И он ткнул пустой бутылкой в большое трёхэтажное здание с портиком, чей фасад занимал всю правую сторону площади. [2]

– Спасибо за приглашение дружище. Если управлюсь до вечера с делами, непременно загляну. Наш Пятый встал на биваки возле Поклонной Горы, а меня от послали с пакетом к генералу Монбрёну[3]от нашего старины Бурте – он, как мне сказали, сейчас с принцем Мюратом при ставке Императора.

– Ну, туда тебе до вечера не пробиться… – хмыкнул Бургонь. – Улицы, ведущие к Кремлю, сплошь забиты войсками, ни пешему, ни верховому хода нет. Разве что…

Он задумался, потом щёлкнул пальцами.

– Давай-ка сделаем так. Ты сейчас отдохни, перекуси, глотку промочи. Через час первый батальон нашего полка выступает к Кремлю – вот ты с ними и отправишься. В Кремле сейчас поместился Император со своей свитой и штабом, ну и Мюрат, надо полагать, тоже там. Доставишь свой пакет, а к вечеру, как заторы на улицах рассосутся, доберёшься и до нас. Куда тебе на ночь глядя, через чужой город, в одиночку, неприятностей на свою голову искать? Вон, когда мы сюда шли, видели русских с ружьями, которые прятались в палисадниках и за заборами. Ну, мы их догнали, отняли оружие, накостыляли хорошенько по шеям и прогнали прочь. Представь себе, у них у всех вместо кремней в замках был трут!

– Трут, говоришь? – лейтенант покачал головой. – Его кладут всегда, когда ружья новы и стоят в козлах. Значит, недавно были взято из арсенала и ими ещё не успели воспользоваться.
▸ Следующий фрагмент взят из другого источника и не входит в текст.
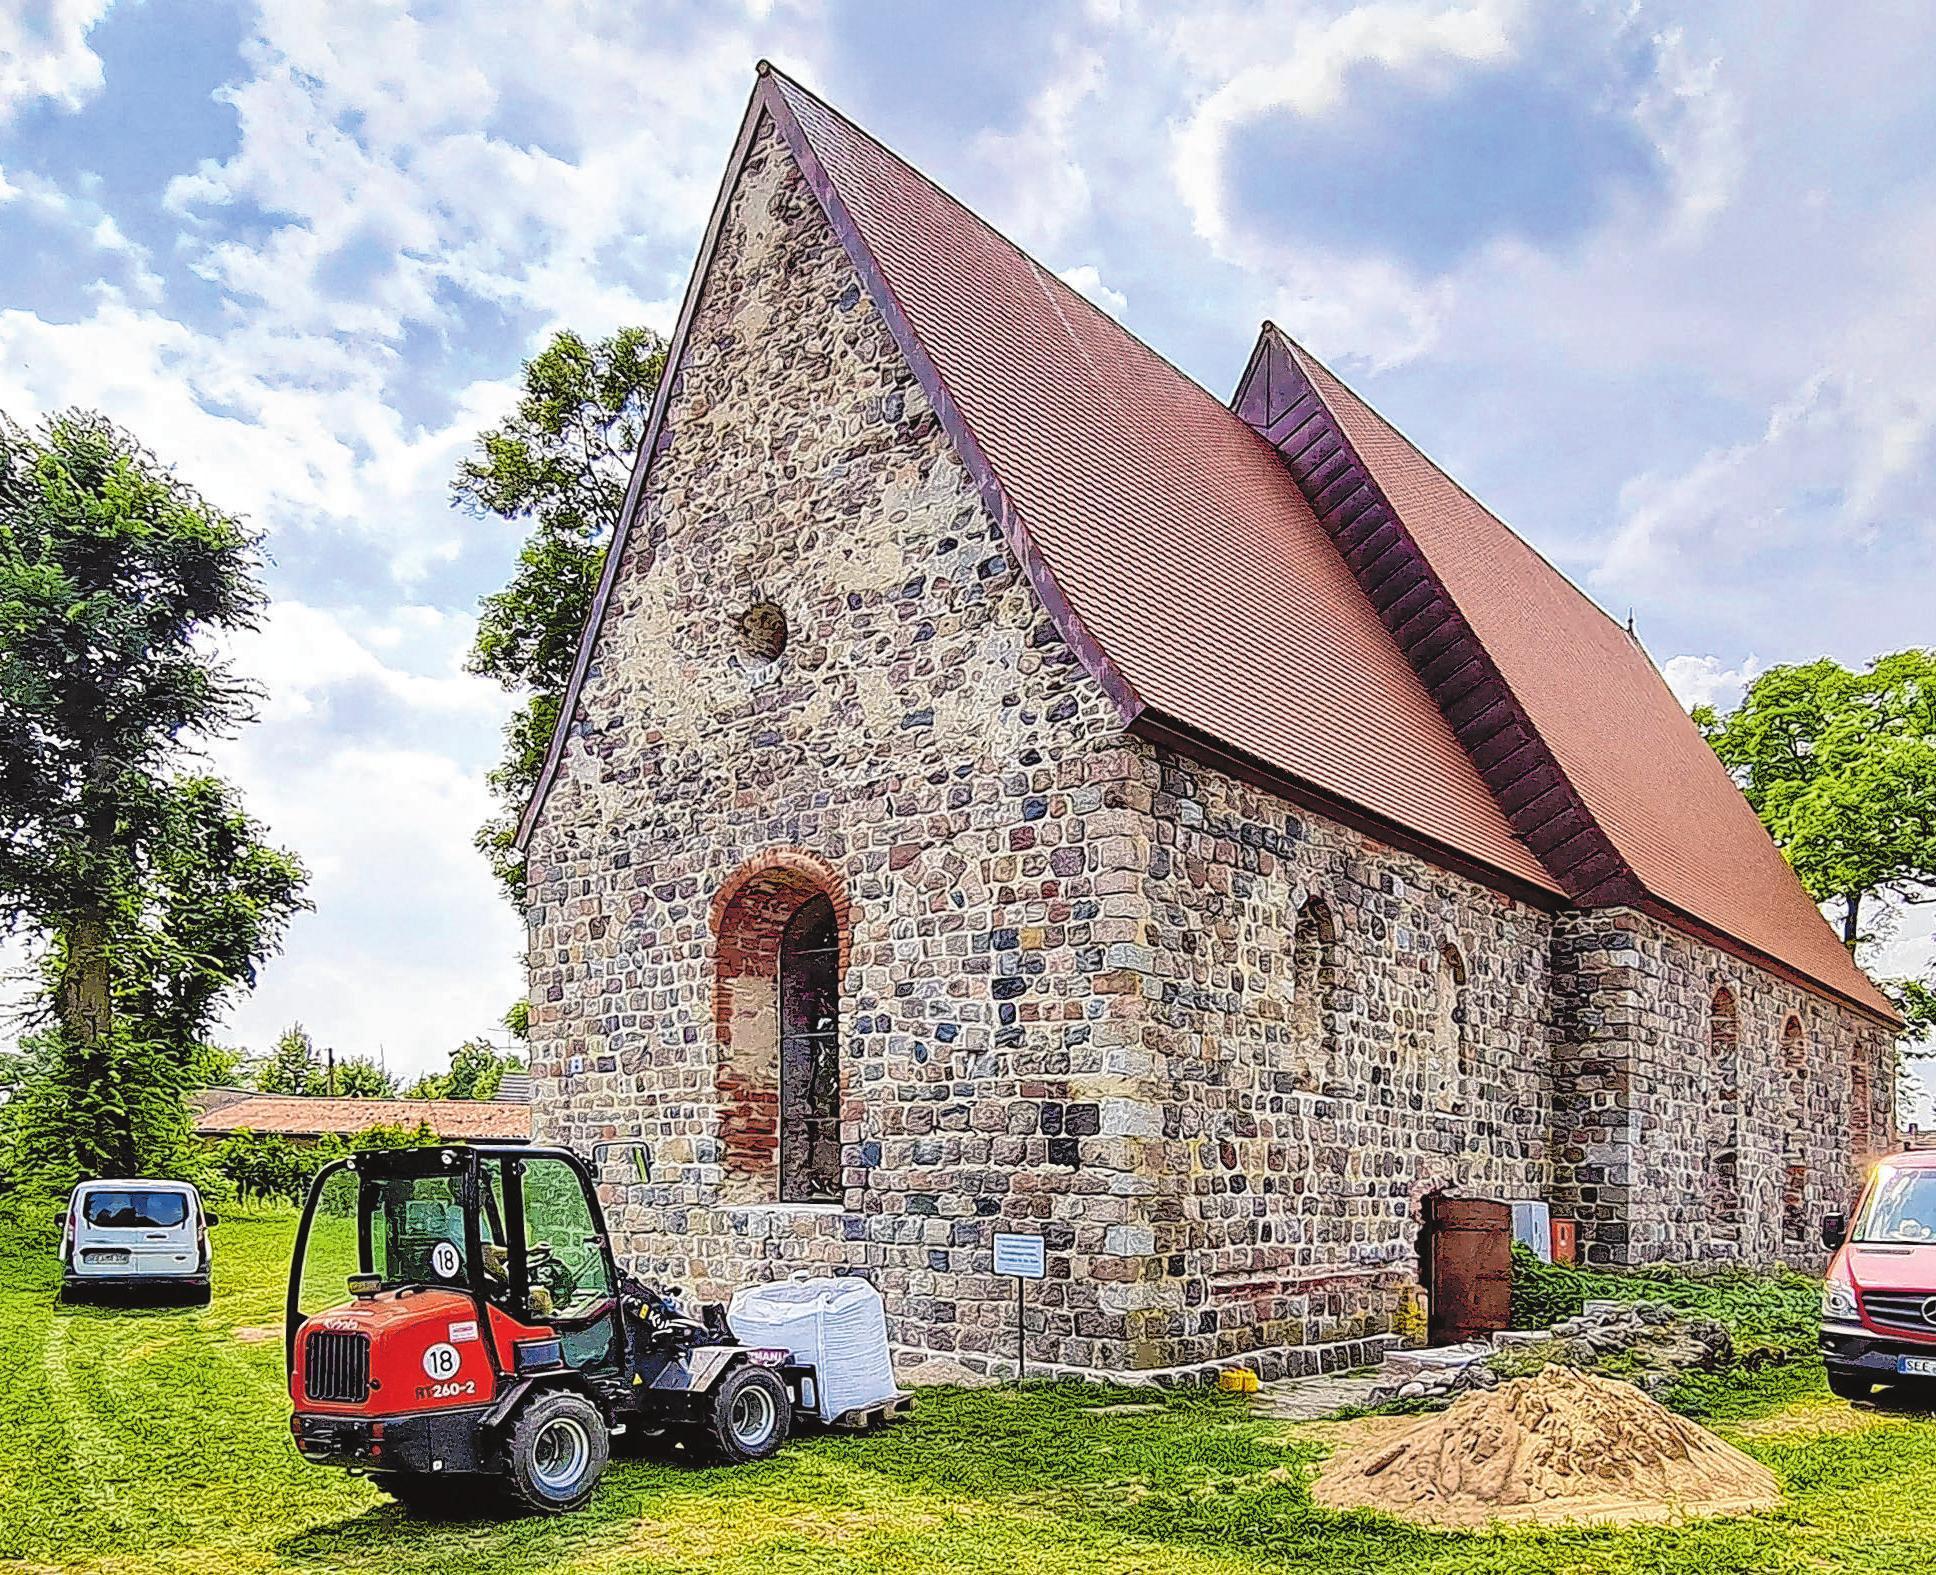 Nach und nach erstrahlt die Kirche in neuer alter Schönheit. Bauleute aus der Region haben die Sanierungsarbeiten in den vergangenen Monaten mit Fleiß und Ideenreichtum<br>ausgeführt.
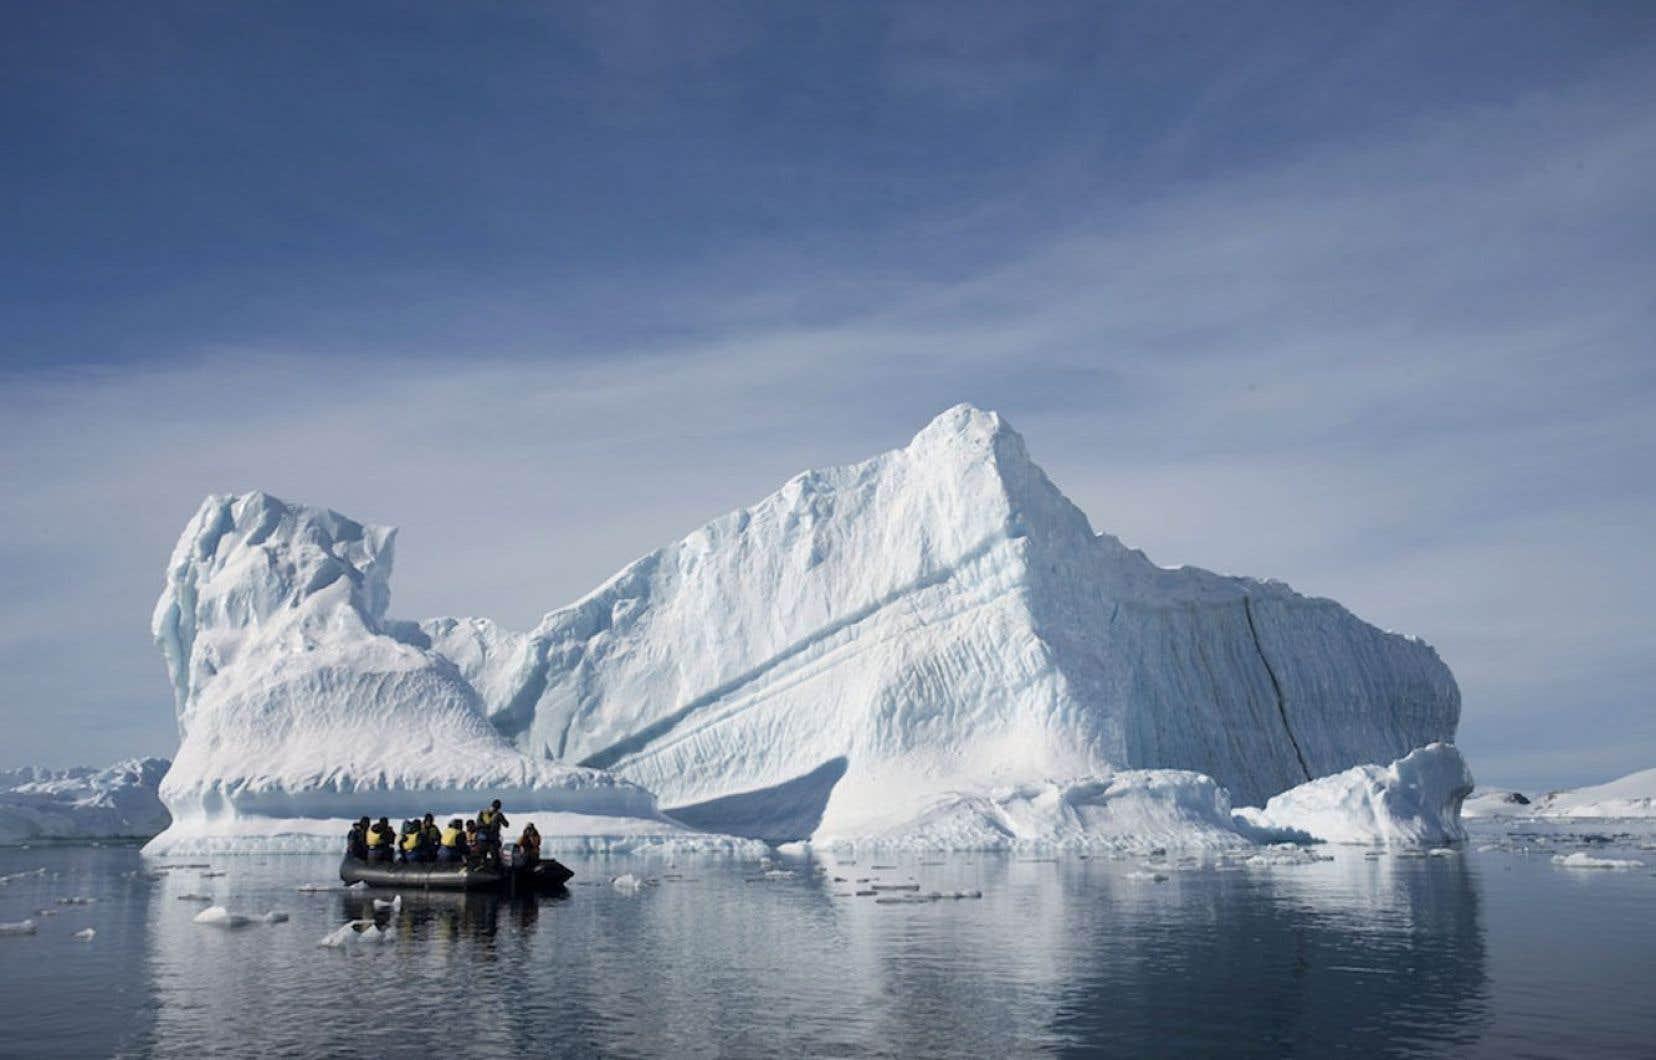 Les eaux de l'océan Austral autour de l'Antarctique abritent des écosystèmes exceptionnels, avec des milliers d'espèces animales.

А может, просто не знали, что с ними делать. Что ж, если эти русские все такие стрелки – мне, пожалуй, в городе опасаться нечего.

 

– При Бородино они стреляли недурно. – возразил сержант. – Да и здесь всякое случается. Я слышал, сегодня днём едва не подстрелили офицера из свиты короля неаполитанского – пуля пробила треуголку, а владельцу только поцарапала макушку. Так что не стоит рисковать, Жанно – переночуешь у нас, а с утра поедешь к своим.

* * *

Совет сержанта Бургоня оказался толковым. Д'Эрваль довольно легко добрался до Кремля, следуя за батальонной колонной Императорских гренадер. Прочие, не столь привилегированные части послушно расступались, давая дорогу солдатам в высоких медвежьих шапках, а если кто и протестовал против столь явной несправедливости – то ограничивались недовольным бурчанием и ядовитыми шутками, отпускаемыми вслед.

Проехав через распахнутые ворота большой башни (пропуска или пароля у него не спросили и даже не окликнули, хотя ворота и караулили полдюжины вольтижёров во главе с усатым краснолицым капралом), лейтенант оказался внутри крепости.

Здесь повсюду дымили костры, стояли пушки и обозные фургоны, бегали люди с охапками дров, соломы и вёдрами воды, фыркали у коновязей лошади. Потратив полчаса, на поиски, лейтенант выяснил, что Монбрёна в Кремле сейчас нет – он отправился с Мюратом инспектировать прибывающие в Москву войска. Тратить остаток дня на ожидание не хотелось, а потому он сплавил пакет дежурному офицеру и отправился по другому своему делу, со службой никак не связанному.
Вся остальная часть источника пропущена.